Back in the mid-’60s when GM was designing the Camaro, the last thing the carmaker wanted was to develop a car that would swing its tail out with the slightest provocation. And American cars of that era, with America’s arrow-straight highways in mind, had steering built to be stable and predictable rather than very quick and precise. All that would have to change.
The Shannons had had a hot-rod Chevelle built for them by Steve McClenon of Hotrods to Hell and that experience had ultimately left them impressed. Not only was the car fast and beautiful, but well built, too. “Brendan wrecked the Chevelle,” explains Mike, “and the roll cage saved his and his girlfriend’s lives.”
So once they acquired a clean, stock ‘69 Camaro sport coupe for $10,000 in August 2004, it went to McClenon’s Burbank, California, shop. Fortunately, there are a lot hot-rod parts out there for the ‘69 Camaro. And this one needed most of them.
Once the Camaro was stripped down to a shell, McClenon got to work giving it a completely new set of suspenders. The rear semielliptical leaf springs were replaced by Hotrods to Hell’s “Centerdrive” system that uses NASCAR-style “truck arms” which reach forward almost to the center of the car and a Panhard bar to locate the solid rear axle.
Up front, the entire front subframe and suspension were swapped out for a fabricated “Rally & Road Race” system from Martz Chassis that incorporates tubular arms, coil springs, custom-built Tein shocks and rack and pinion steering.
In drifting there’s no such thing as “too much” steering angle, so McClenon had Woodward Machine engineer a special rack and pinion with an appallingly quick 10.0-to-1 ratio and just as much travel as they could stuff in without having the inside of the P255/40ZR17 Falken tires hit the subframe’s rails. The inner fenders are gone and the 10-spoke forged alloy wheels (17-by-8 front and 17-by-10 rear) are built by Circle Wheels to Hotrods to Hell specifications.
With nearly 700 horsepower flowing from its 468-cubic-inch big-block Chevy V8 through a T-10 four-speed manual transmission to a set of 3.73-to-1 gears, Hampton doesn’t have to induce oversteer with anything except a tip of throttle.
But there’s a second set of calipers clamping on the rear 13-inch Wilwood disc brakes that are plumbed to a hand-operated master cylinder mounted just forward of the shifter, it’s a “rally brake” or “bootlegger’s brake” depending on your cultural references.

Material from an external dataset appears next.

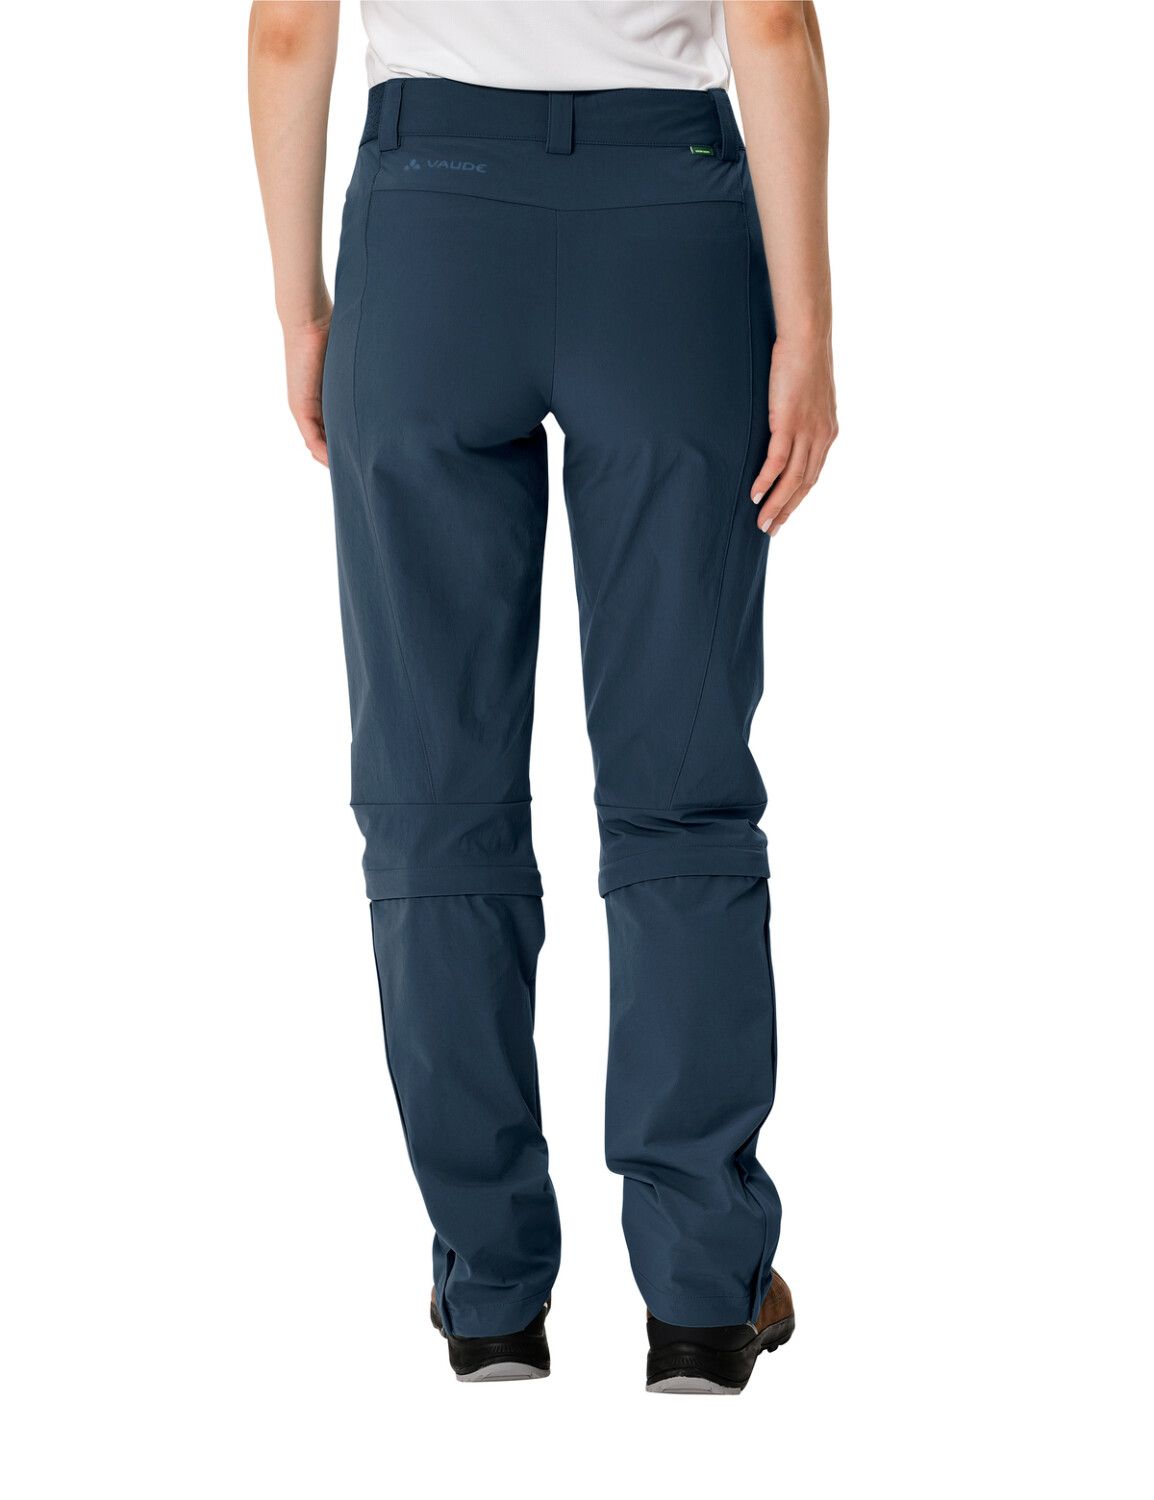 VAUDE Women's Farley Stretch Capri T-Zip Pants III (Bild 27)

The front brakes are also 13-inch Wilwood discs with six-piston calipers.
Stripped of its bumpers, sound insulation, heater and front inner fenders, the Camaro weighs exactly 2,870 pounds. The body is stock except for that steel Cowl Induction-style hood which is needed to clear the high-rising intake manifold. With the P275/40ZR17 Falken rear tires fitted, all that was left was a lot of tedious trial and error to make it all work together sideways.